Optionally, the user can disable the "Break at NN.." option, and thereby get order-and-orientation predictions when NN..N is used to mask regions of the second sequence. XX
Notes on configuring Acrobat Reader: Follow the menu File > Preferences > Weblink and set the Link Information selector to "Always Show". (You will need to run Acrobat Reader in stand-alone mode to do this, since the browser plug-in does not have its own File menu.)
With this option, when the Pip is viewed using Adobe Acrobat Reader, a message that corresponds to the mouse position appears, either in the status area at the bottom of the Acrobat window or as a tooltip. When the mouse is positioned in a region of the pip corresponding to a local alignment, the message describes the region covered by the alignment, whereas between two alignments it describes the gap. The first word on the FastA header line for the second sequence, or a contig thereof, is reported. This indicates which contig aligns with this region of the first sequence.
For example, the following messages might be associated with various regions of a certain sequence (submitted as the first sequence to PipMaker).
region message 1-1400 1400 bp unmatched 1401-1586 1401-1586 matches 3146-3324 of Contig35 1587-2191 605 bp gap; 889 bp in Contig35 2192-3367 2192-3367 matches 4214-5531 of Contig35 3368-3888 521 bp gap; between Contig35 and Contig41- 3889-3934 3889-3934 matches 6-51 of Contig41- 3935-4089 155 bp gap; 1013 bp in Contig41- 4090-4375 4090-4375 matches 1065-1340 of Contig41-The notation "Contig41-" refers to the reverse complement of the sequence with FastA header ">Contig41 ...". In this example, the first sequence has two local alignments with Contig35, followed by two local alignments to the reverse complement of Contig41. Note that the latter pair of alignments are separated by 155 bp (positions 3935-4089) in the first sequence and 1013 bp in Contig41-, perhaps due to an insertion at this point in the second sequence.
These messages in the pip are not intended to be clickable -- we are slightly abusing the URL mechanism by storing the messages as URLs, because it is the most convenient way to display a short string.

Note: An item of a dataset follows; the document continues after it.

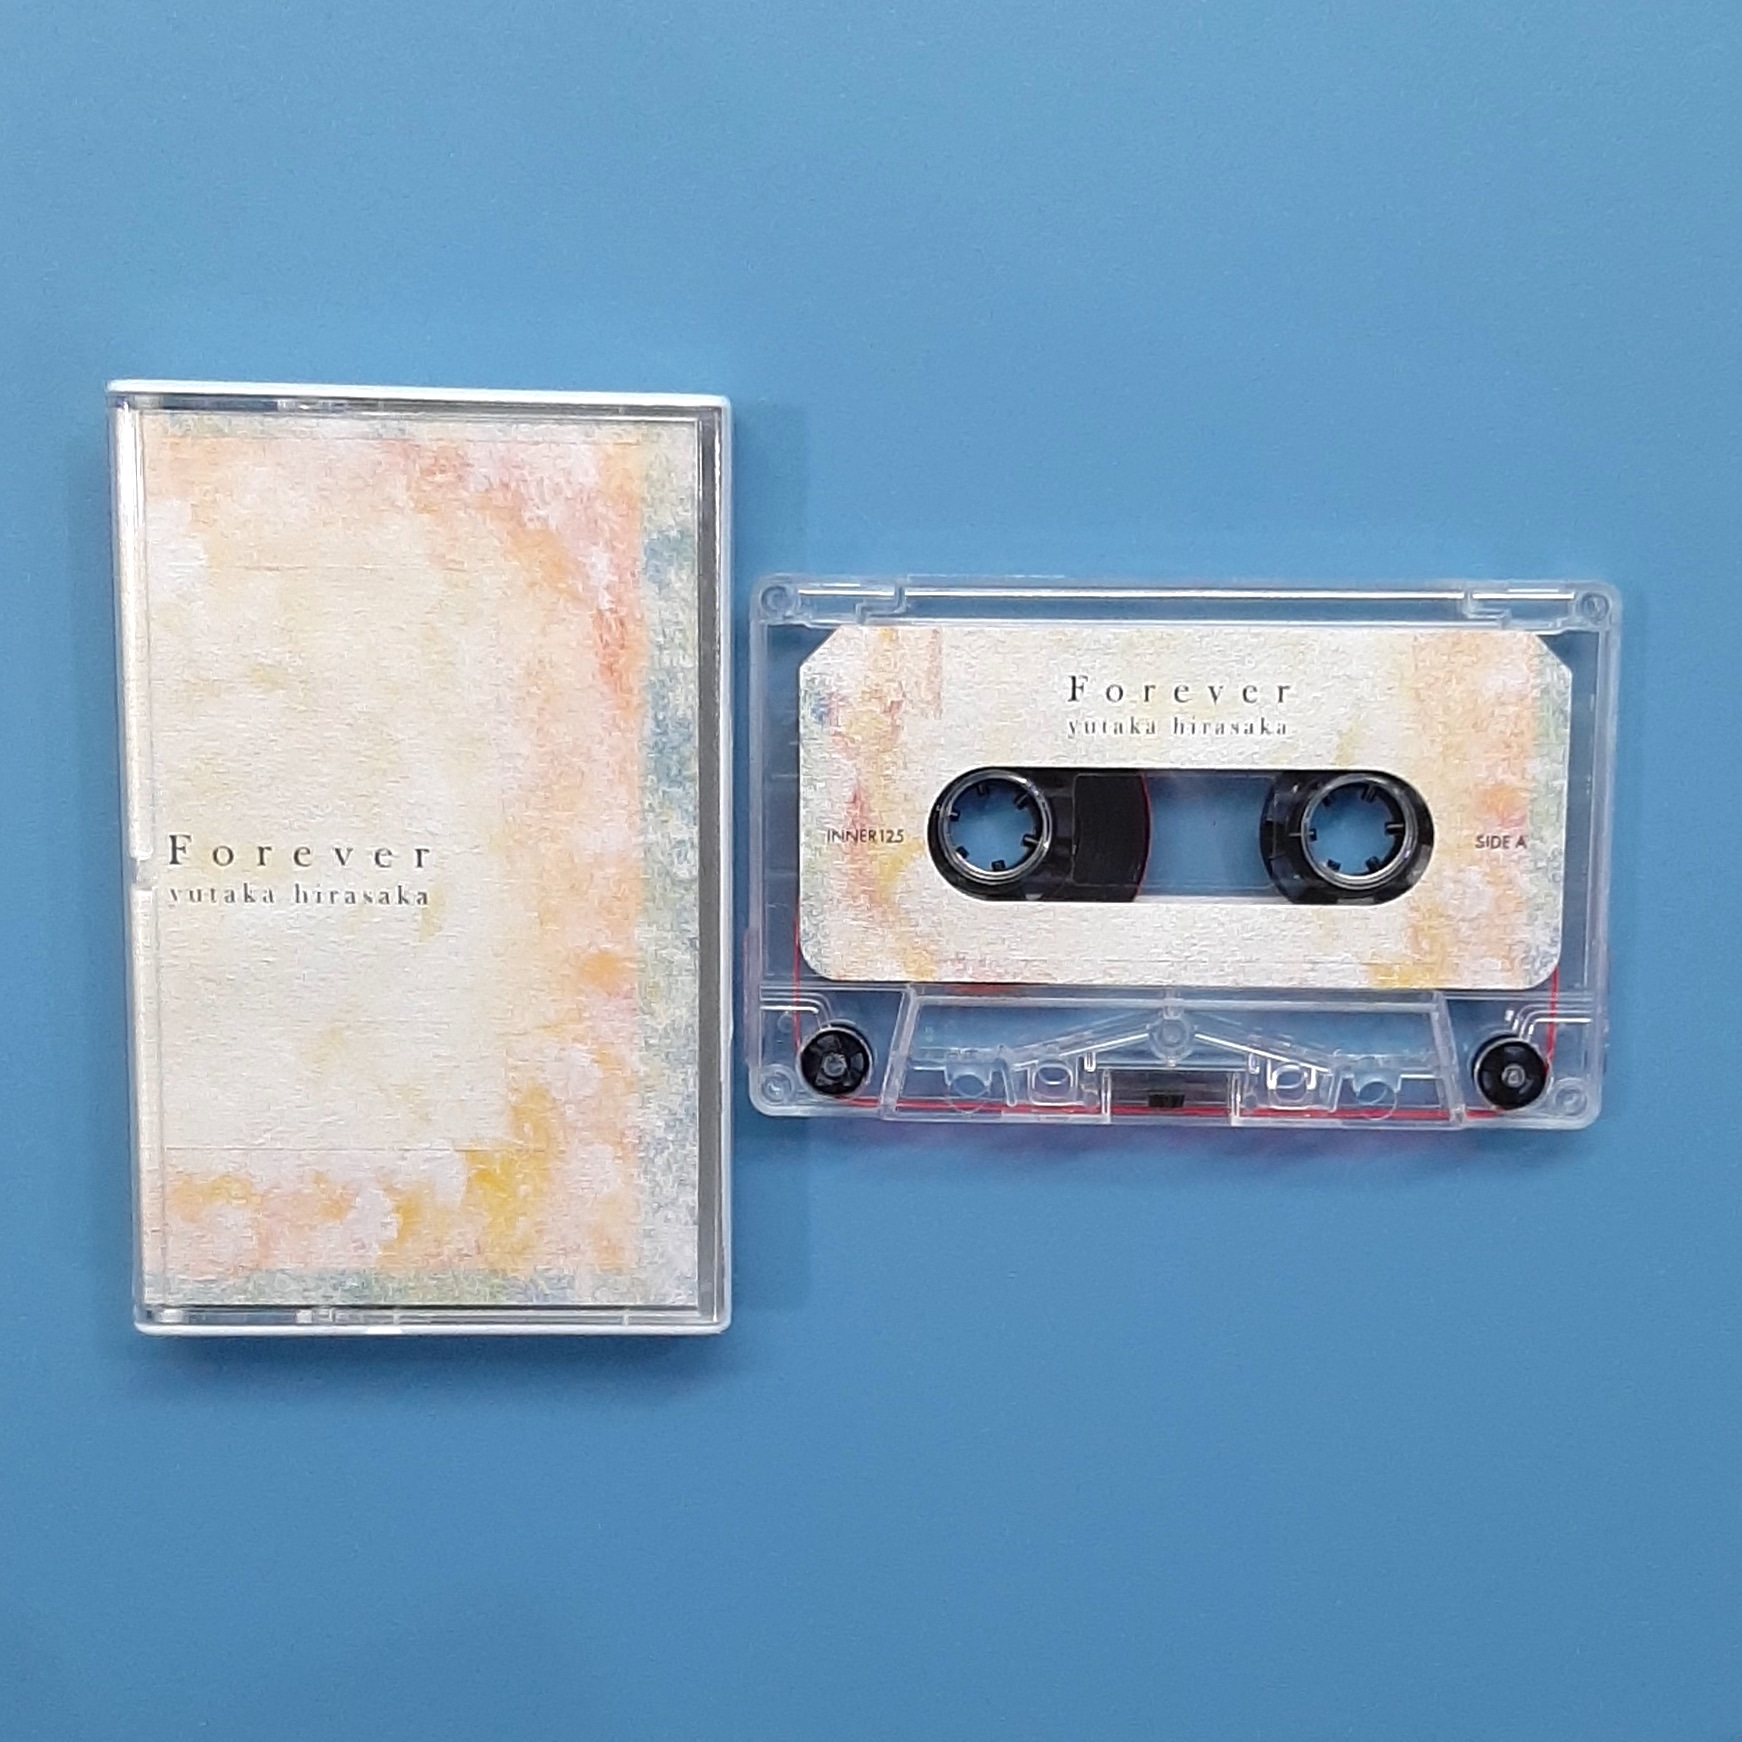 [SOLD] yutaka hirasaka - Forever (Inner Ocean Records)

PipMaker attempts to eliminate spurious alignments caused by interspersed repeat elements and low-complexity regions, yet indicate meaningful alignments that may involve such elements. For instance, an interpersed repeat or tri-nucleotide repeat sequence may be part of a protein-coding region. The strategy is not perfect, however, and the user may want to take contol of the way these elements are handled during construction of the alignment.

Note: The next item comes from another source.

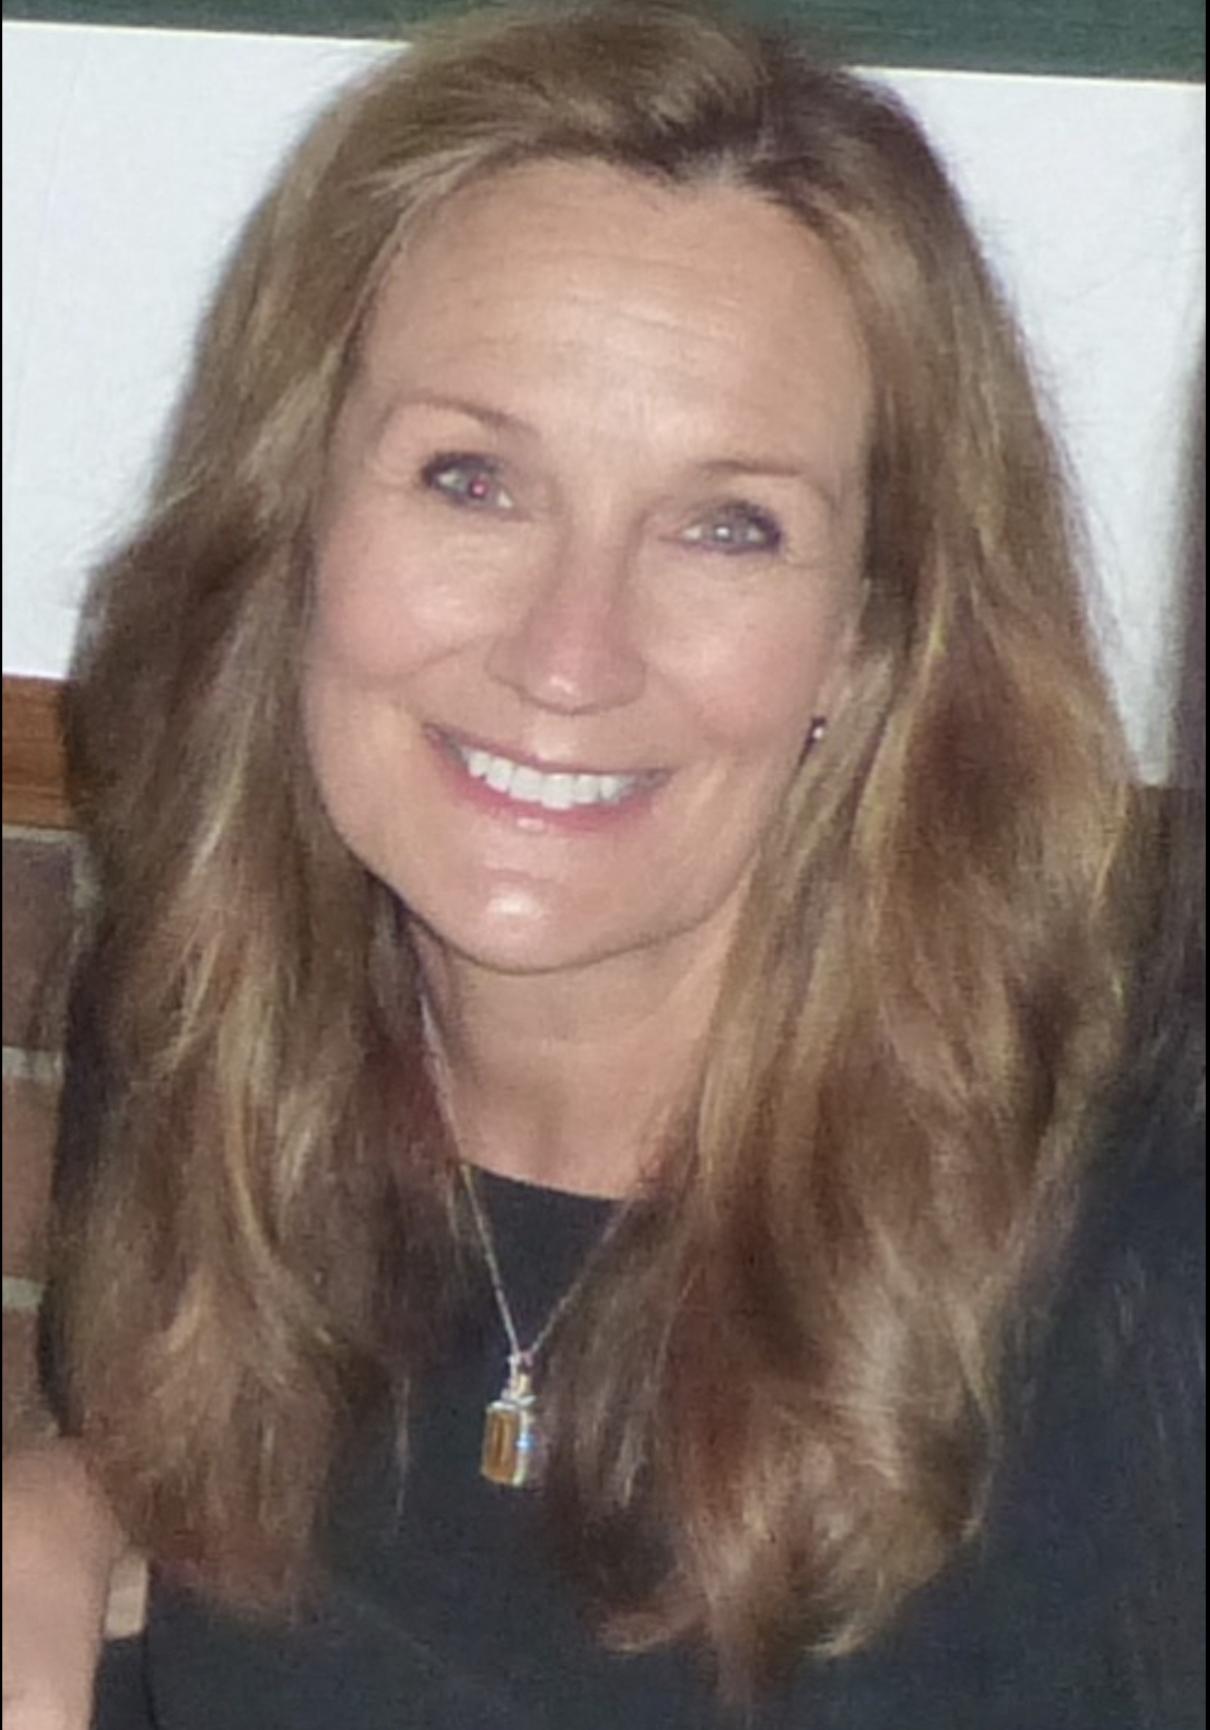 Melinda Vidal Myers

The alignment program used by PipMaker interprets lower case letters as indicating regions of the sequence that are to be masked at early stages of the alignment process, but not at later stages. The alignment program follows the general design of the "gapped Blast" family of programs, which start by finding short, exact matches, then extend those matches to alignments that include gaps. PipMaker ignores regions of the first sequence that contain lower case letters when searching for exact matches, but utilizes those regions when expanding exact matches to form longer alignments. (Regions containing only "N" or "X" characters are not aligned in either phase.) Users of the Advanced PipMaker page can control masking by submitting sequences that follow this convention.